Re: [Qemu-devel] [PATCH] migration, xen: Fix block image lock issue on live migration
Posted by Anthony PERARD 6 years, 5 months ago
On Wed, Oct 04, 2017 at 03:03:49PM +0200, Kevin Wolf wrote:
> Am 02.10.2017 um 21:18 hat Dr. David Alan Gilbert geschrieben:
> > Adding in kwolf;  it looks sane to me; Kevin?
> > If I'm reading this right, this is just after the device state save.
> 
> Is this actual migration? Because the code looks more like it's copied
> and adapted from the snapshot code rather than from the actual migration
> code.

Well the Xen tool stack takes care of the migration, we only need to
save the device states from QEMU, I guess similair to a snapshot.

> If Xen doesn't use the standard mechanisms, I don't know what they need
> to do.
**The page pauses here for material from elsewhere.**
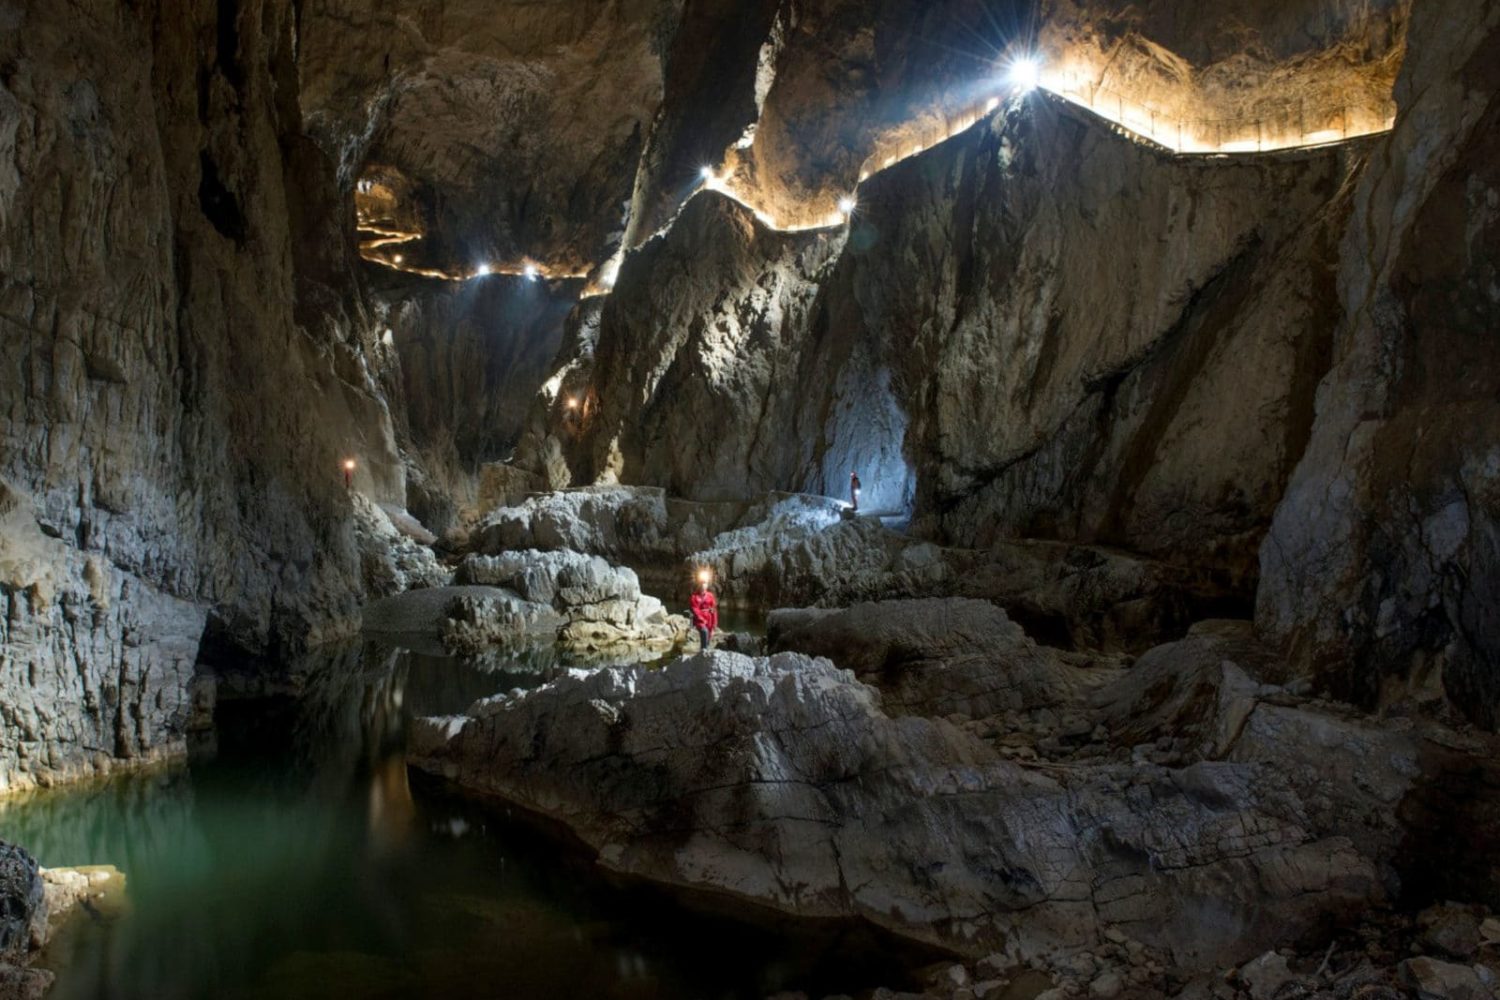 Skocjan cave trip from Bled or Ljubljana

Snapshots don't need to inactivate images, but migration does.
> Compared to the normal migration path, this looks very simplistic, so I
> wouldn't be surprised if there was more wrong than just file locking.

I realize now that if one would want to take a snapshot of a running
Xen guest, this xen-save-devices-state qmp command will be called as
well.

So I can see a few options to better handle snapshots, we could:
- Add a new parameter to xen-save-devices-state, "live_migration" which
  could default to 'true' so older version of Xen will still works.
- Create a new qmp command that sole purpose is to call
  bdrv_inactivate_all, I don't know what else this command would have to
  do.
- or just take this patch.

Thanks.

> This looks like it could work as a hack to the problem at hand. Whether
> it is a proper solution, I can't say without investing a lot more time.


-- 
Anthony PERARD

Re: [Qemu-devel] [Xen-devel] [PATCH] migration, xen: Fix block image lock issue on live migration
Posted by Roger Pau Monné 6 years, 6 months ago
On Mon, Oct 02, 2017 at 04:30:58PM +0000, Anthony PERARD wrote:
> When doing a live migration of a Xen guest with libxl, the images for
> block devices are locked by the original QEMU process, and this prevent
> the QEMU at the destination to take the lock and the migration fail.
> 
> From QEMU point of view, once the RAM of a domain is migrated, there is
> two QMP commands, "stop" then "xen-save-devices-state", at which point a
> new QEMU is spawned at the destination.
> 
> Release locks in "xen-save-devices-state" so the destination can takes
> them.

What happens if the migration fails on the destination? Will QEMU pick
the lock again when resuming on the source in this case?

Thanks, Roger.

Re: [Qemu-devel] [Xen-devel] [PATCH] migration, xen: Fix block image lock issue on live migration
Posted by Anthony PERARD 6 years, 6 months ago
On Tue, Oct 03, 2017 at 12:33:37PM +0100, Roger Pau Monné wrote:
> On Mon, Oct 02, 2017 at 04:30:58PM +0000, Anthony PERARD wrote:
> > When doing a live migration of a Xen guest with libxl, the images for
> > block devices are locked by the original QEMU process, and this prevent
> > the QEMU at the destination to take the lock and the migration fail.
> > 
> > From QEMU point of view, once the RAM of a domain is migrated, there is
> > two QMP commands, "stop" then "xen-save-devices-state", at which point a
> > new QEMU is spawned at the destination.
> > 
> > Release locks in "xen-save-devices-state" so the destination can takes
> > them.
> 
> What happens if the migration fails on the destination? Will QEMU pick
> the lock again when resuming on the source in this case?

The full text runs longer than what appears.